Today is the 85 birthday of our dear Pope Benedict XVI, and he speaks very plainly to the day:
“I find myself on the last stretch of my journey in life, and I don’t know what is awaiting me.”
“I know, however, that the light of God exists, that he is risen, that his light is stronger than any darkness and that God’s goodness is stronger than any evil in this world, and this helps me go forward with certainty.”
In a few days we’ll celebrate the 7th anniversary of his pontificate. I cannot think of his anniversary without remembering his words at St. Patrick’s Cathedral, where he was advised that his pontificate was, at that hour, precisely three years old:
“I will try to do all that is possible to be a worthy successor of the great Apostle, who also was a man with faults and sins, but remained in the end the rock for the Church. And so I too, with all my spiritual poverty, can be for this time, in virtue of the Lord’s grace, the Successor of Peter.”
Some people think the pope is a very complicated man, but really, he is very easy to get, because he is very open. He is not a politician; he is not a diplomat; he is simply a man who is humbly all-for-God, who lives his faith so completely that there are no shadows. His words are words of Be-ing, primarily.
Do-ing, comes farther down the line.
Even before he was Benedict, back when he was Joseph Ratzinger, I loved his humility; he has always struck me as the shy old uncle who — once drawn out — keeps you enthralled with the openness, depth and breadth of his intellect, which is never pedantic, and always accessible.
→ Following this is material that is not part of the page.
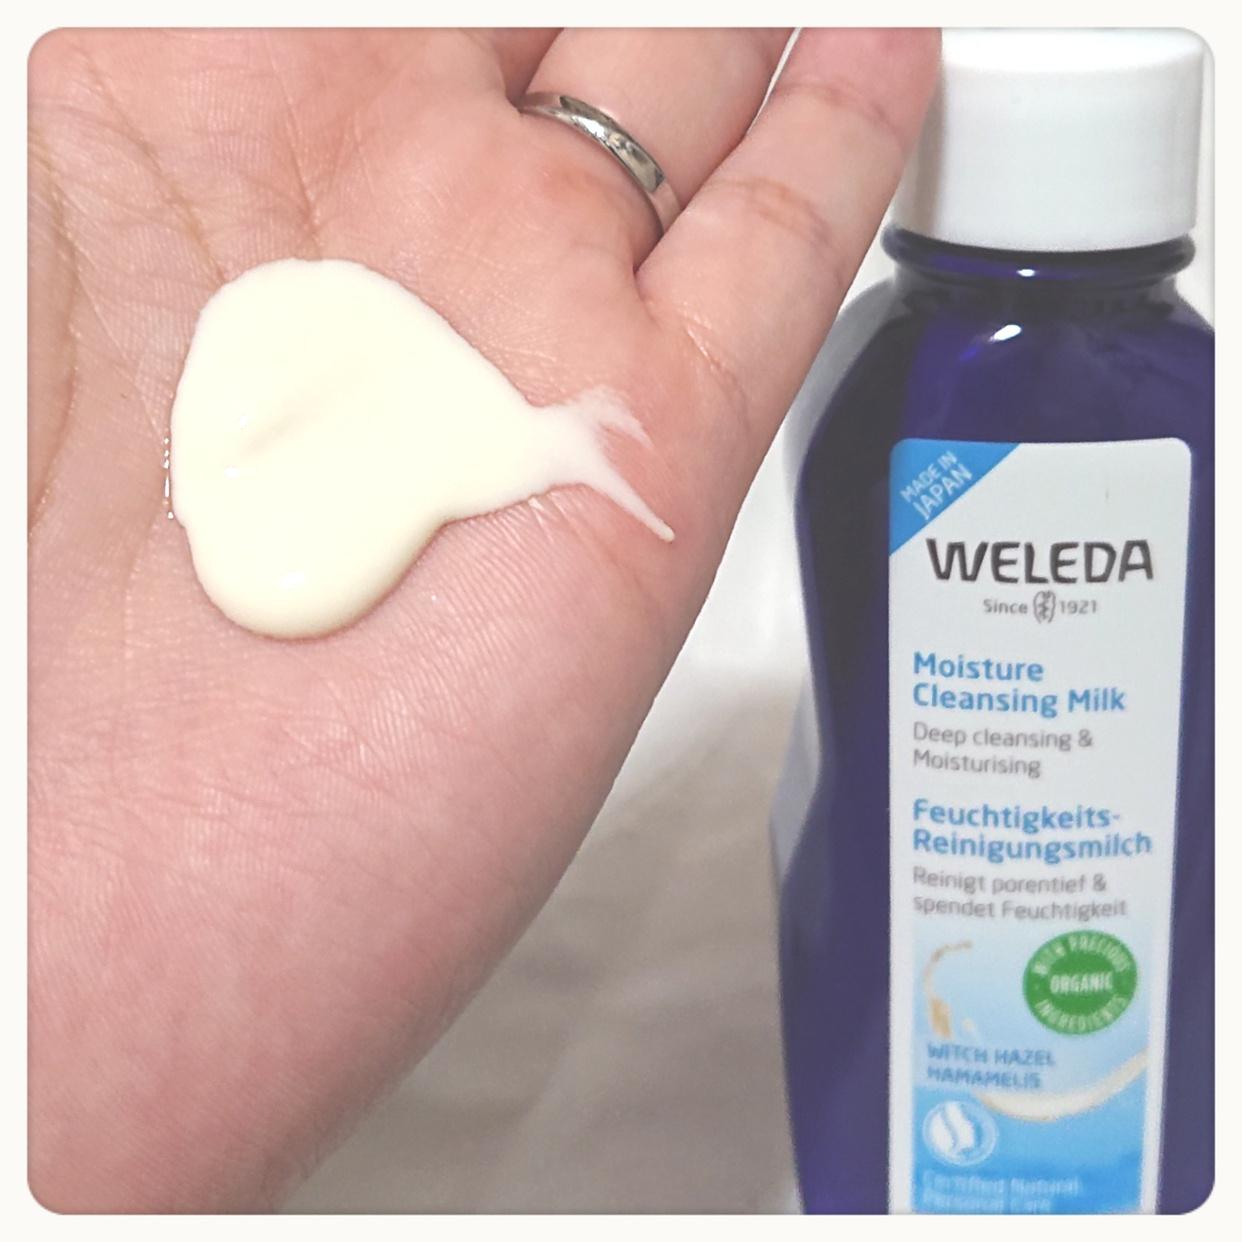 WELEDA(ヴェレダ) モイスチャー クレンジングミルクの良い点・メリットに関するnakoさんの口コミ画像2

That has its drawbacks, of course, particularly in terms of perception. Benedict is an introvert, content with solitude; he allows himself to be subsumed by his servant’s office in a way that is so paradoxical that some do not understand it. Russell Shaw is right when he says Benedict is “still something of an enigma”.
In truth, The Reality of Pope Benedict has always been quite different from the narratives, whether they come from media or “insiders.”
He is perhaps a cloister unto himself — quite simply ready to put aside the man Joseph, or the man Benedict for the Christ to whom he has given his life, from a very young age. He rarely reveals personal feelings, except to children, and then he seems to genuinely enjoy relating to their youthful faith with his own nostalgic memories.
His pontificate, which some thought would be “transitional” may very well end up being transformational. He is sagely stocking the church with what Deacon Greg calls “teaching bishops” — the better to serve an era of New Evangelization and, perhaps an era of New Persecution, in which people will need to understand why some stands matter.
Happy Birthday, Papa Benedict! For me, the dearest and most personally instructive — in word, in action and in be-ing — of our popes.